§ Task objective:
Word for word, restate the lines from the one containing "Katrina Kaif Seksi Wallpaper 11" through the last line of the material, and include no pictures.

§ Dataset content:
************

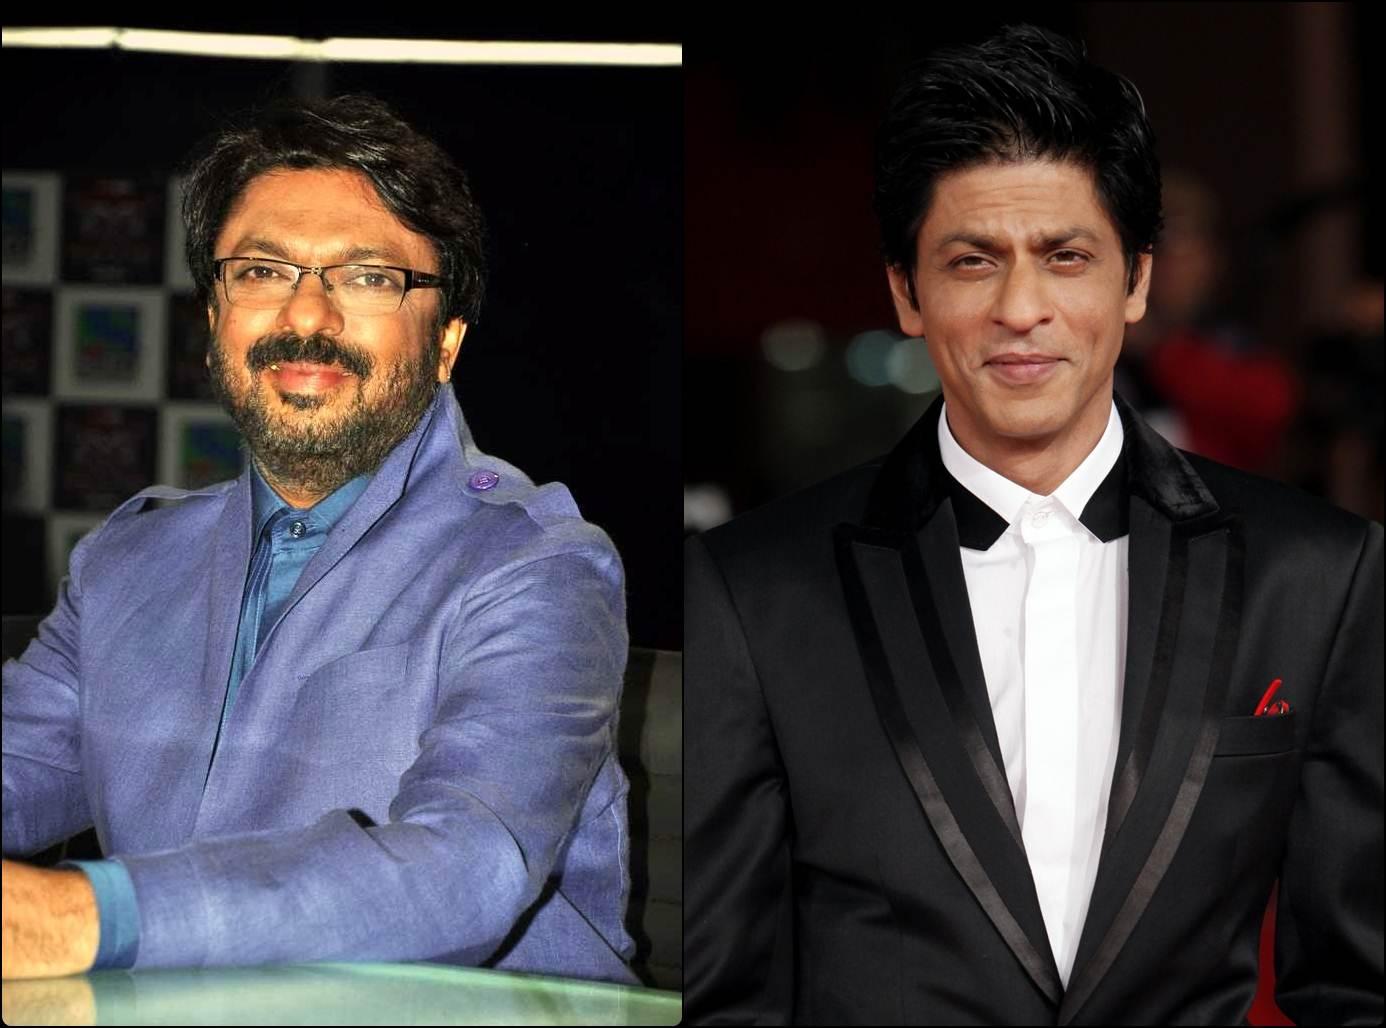 Blockbuster in the Making  Sanjay Leela Bhansali and Shah Rukh Khan to collaborate again
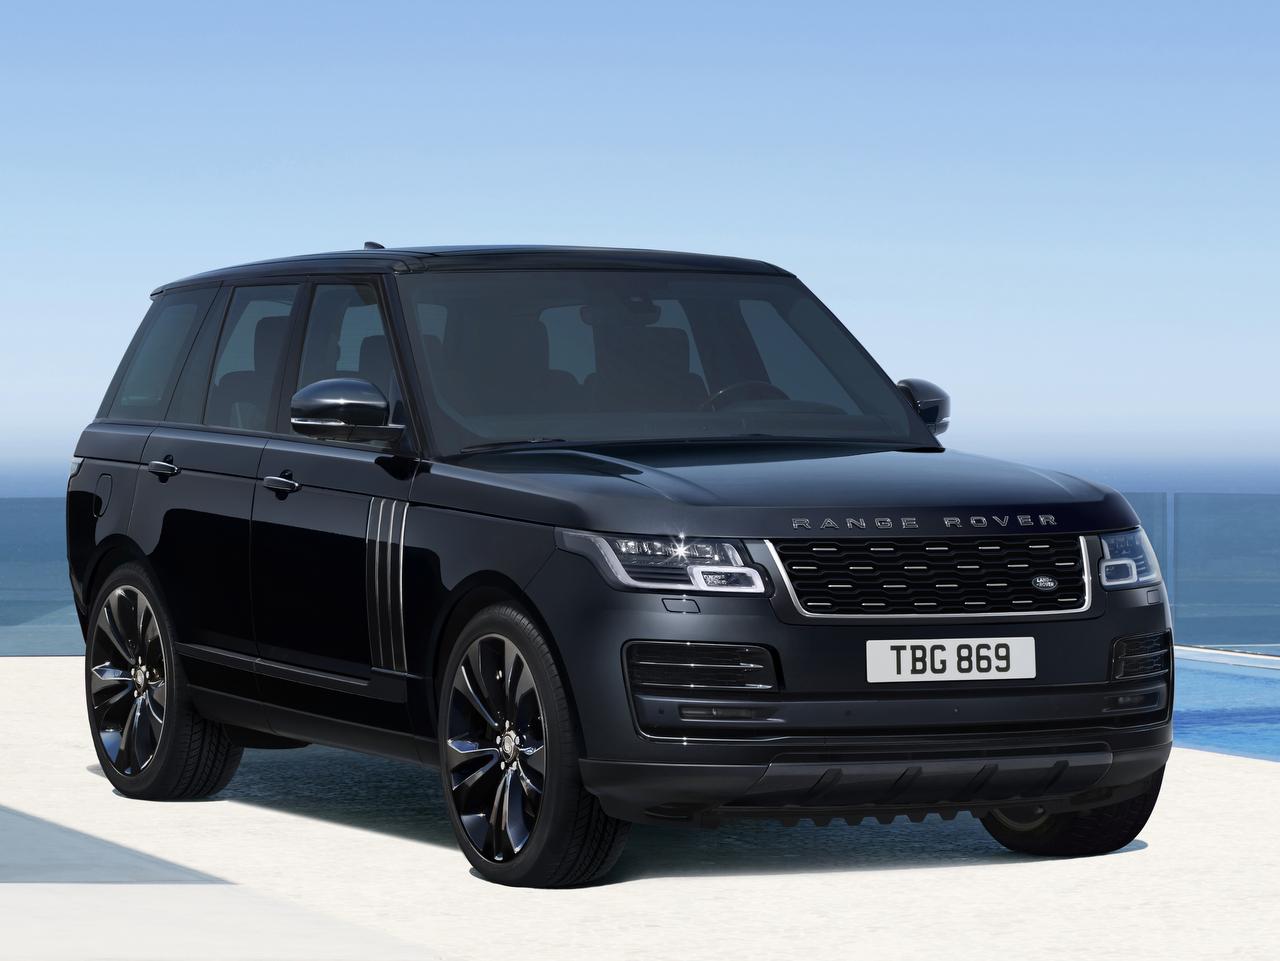 Range Rover SV Autobiography Black Stealth
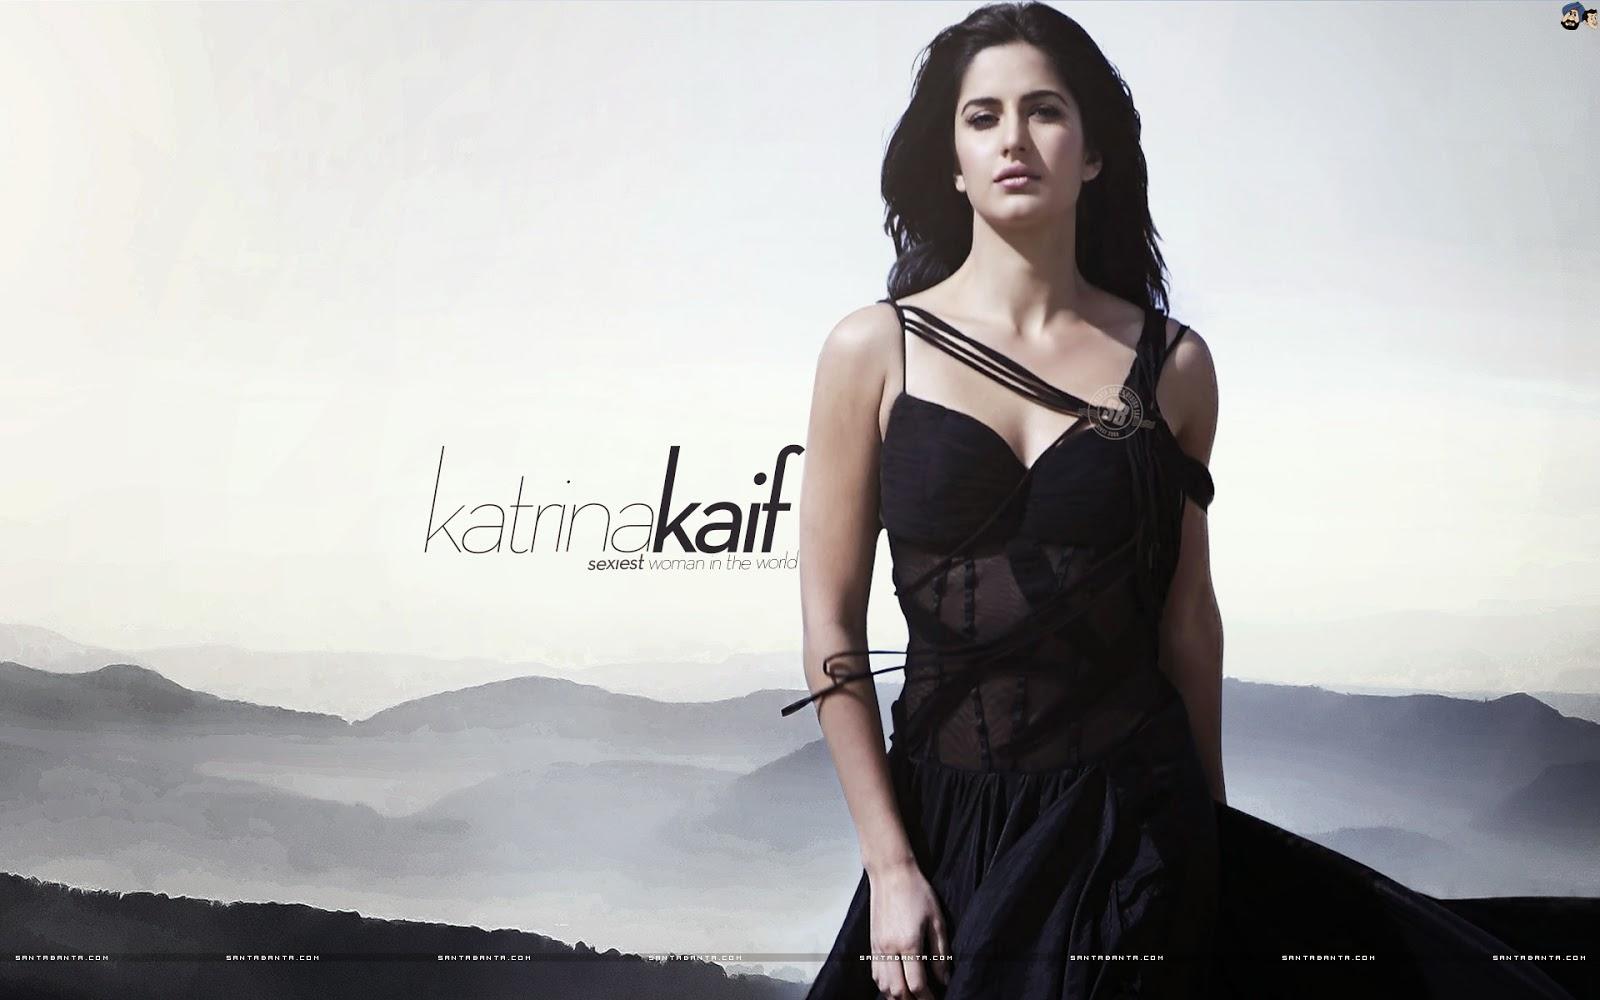 Katrina Kaif Seksi Wallpaper 11
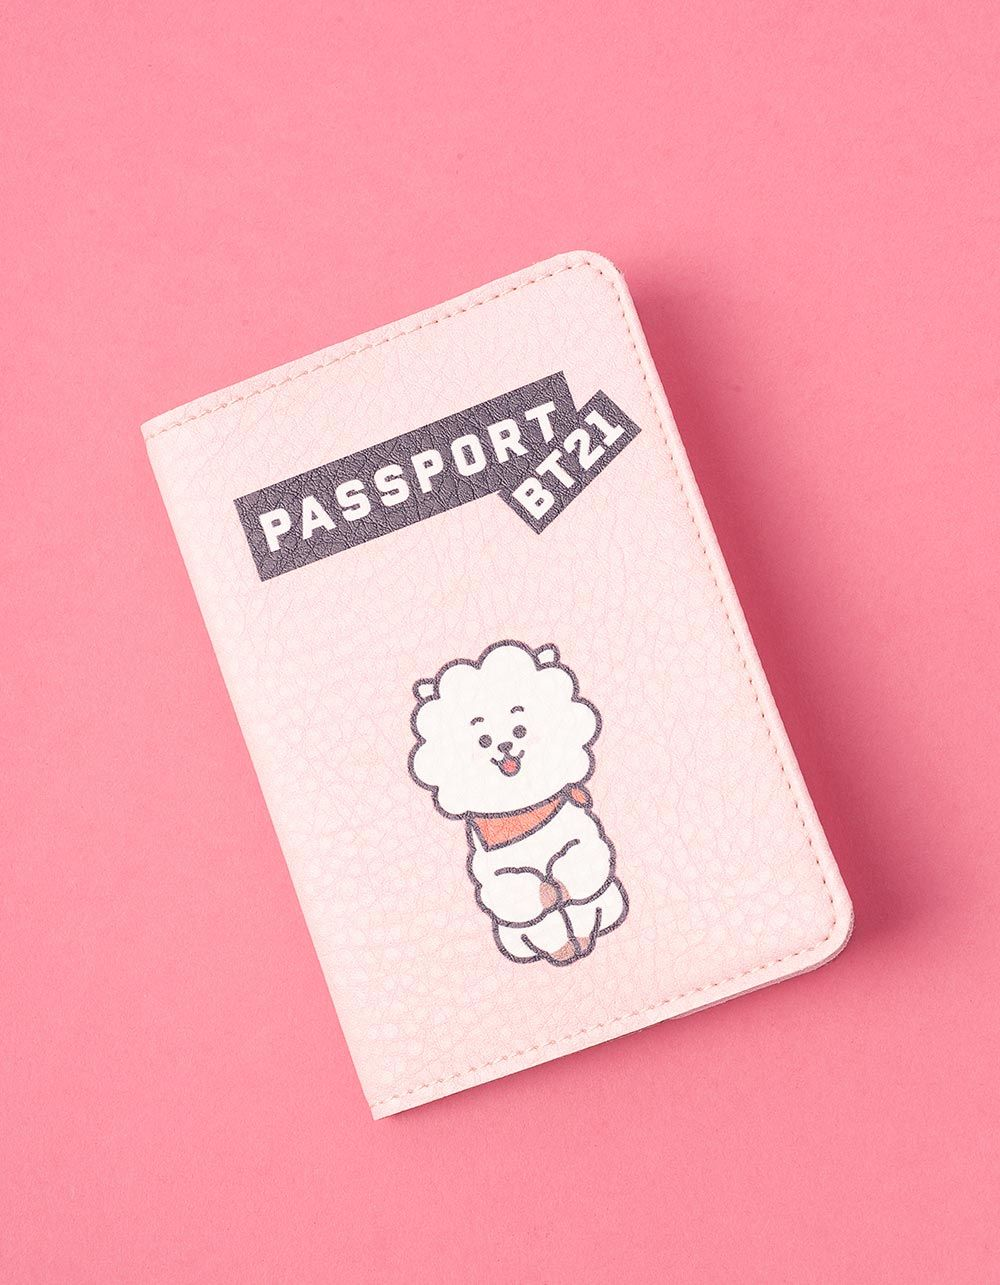 Обкладинка на паспорт з принтом RJ  Джин bts bt21   237246-14-XX

************

§ Final answer:
 Katrina Kaif Seksi Wallpaper 11
 Обкладинка на паспорт з принтом RJ  Джин bts bt21   237246-14-XX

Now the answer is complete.